The specification describes the wireless communication of information to an electronic device at a high level of generality. In a passage describing figure 1 of the '379 patent, reproduced below, the specification states that the “general system for wirelessly communicating selective [sic] information to an electronic device” includes “a digital engine 101 coupled to a communications engine 102,” which is “remotely coupled to an electronic device 103,” and which “may be directly or indirectly coupled to storage device 105 operable to store information.” '379 patent, col. 3, ll. 24-31. The communications engine “is communicatively coupled to digital engine 101 and operable to wirelessly communicate the selected information to electronic device 103.” Id., col. 3, ll. 37-39.
The specification adds that “[c]ommunications engine 102 may be operable to wirelessly communicate selected information to electronic device 103 in a plurality of ways. The present invention advantageously allows for several different embodiments of wirelessly communicating selected audio information to electronic device 103 and is not limited to any specific configuration.” Id., col. 4, ll. 33-38. “Therefore, system 100 may be configured in a plurality of ways to communicate selected information to electronic device 103.” Id., col. 6, ll. 8-10.

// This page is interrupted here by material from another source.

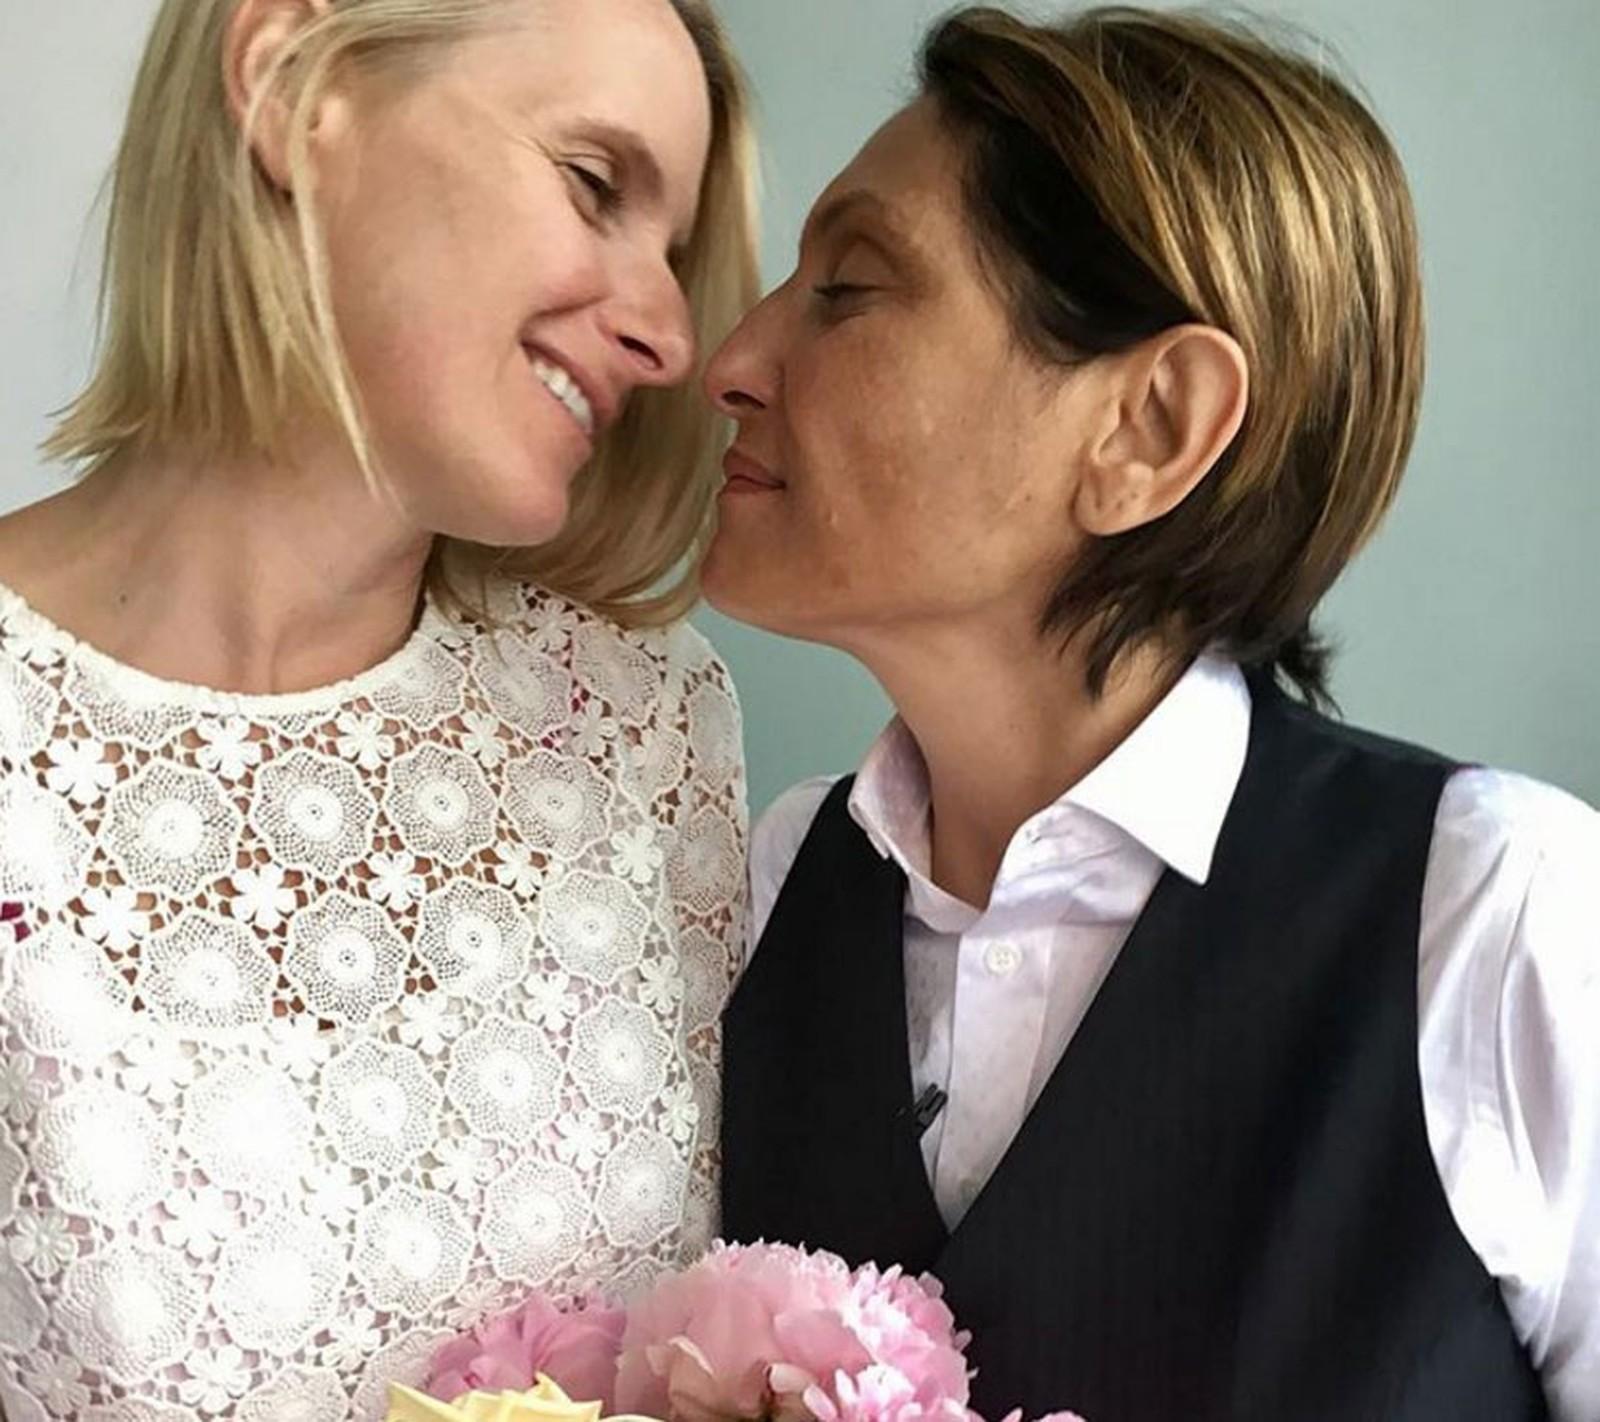 Morre aos 57 anos escritora Rayya Elias, esposa da autora de 'Comer, rezar, amar'
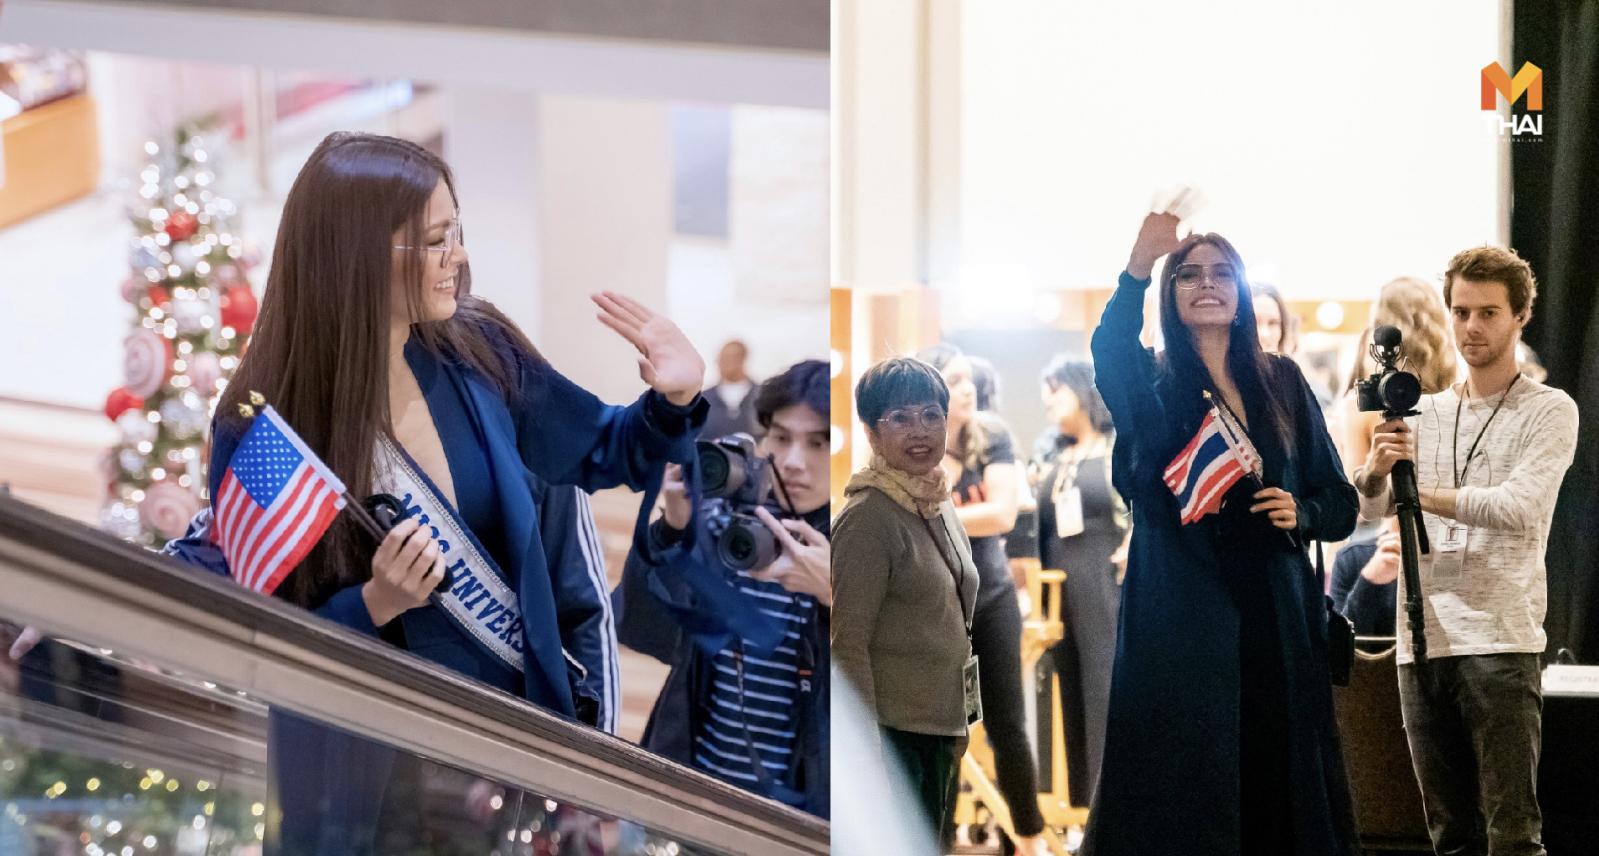 Miss Universe 2019 Miss Universe Thailand Miss Universe Thailand 2019 Miss-Universe ฟ้าใส ปวีณสุดา มิสยูนิเวิร์ส มิสยูนิเวิร์ส 2019 มิสยูนิเวิร์สไทยแลนด์ มิสยูนิเวิร์สไทยแลนด์ 2019

In the very brief discussion that is pertinent to out-of-region broadcasting claims, the specification states that “a user may want to listen to a radio station located in a remote location wherein conventional radio receivers could not receive the desired broadcast. For example, a person living in Houston, Tex. may not be able to receive a radio broadcast signal from a radio station in Seattle, Wash. utilizing a conventional radio receiver.” '379 patent, col. 15, ll. 59-64.2
That passage describes the objective of making broadcast media available outside of its usual local distribution area. The passage is found in a portion of the specification that describes a flow chart with a series of steps relating to the provision of audio content over the Internet to an electronic device. '379 patent, col. 14, line 34, through col. 17, line 17. The first two steps in the flow chart read “User accesses web page via Internet” and “User selects audio information.” The next pertinent step reads “Wirelessly communicate info to selected device.” Several additional steps relate to the customization and execution of a music playlist, not broadcast radio content. '379 patent, Fig. 8.
Nothing in the flow chart or the text of the specification provides any details regarding the manner in which the invention accomplishes the recited functions. The specification contains several other references to radio stations using the Internet to transmit their signals and communicating information by using digital broadcast signals, but it contains no further discussion of how the invention implements the delivery of ordinary broadcast radio signals to cellphones. See Dealertrack, Inc. v. Huber, 674 F.3d 1315, 1333 (Fed. Cir. 2012) (adding a “computer aided” limitation is insufficient to constitute a specific application where “[t]he claims are silent as to how a computer aids the method, the extent to which a computer aids the method, or the significance of a computer to the performance of the method”).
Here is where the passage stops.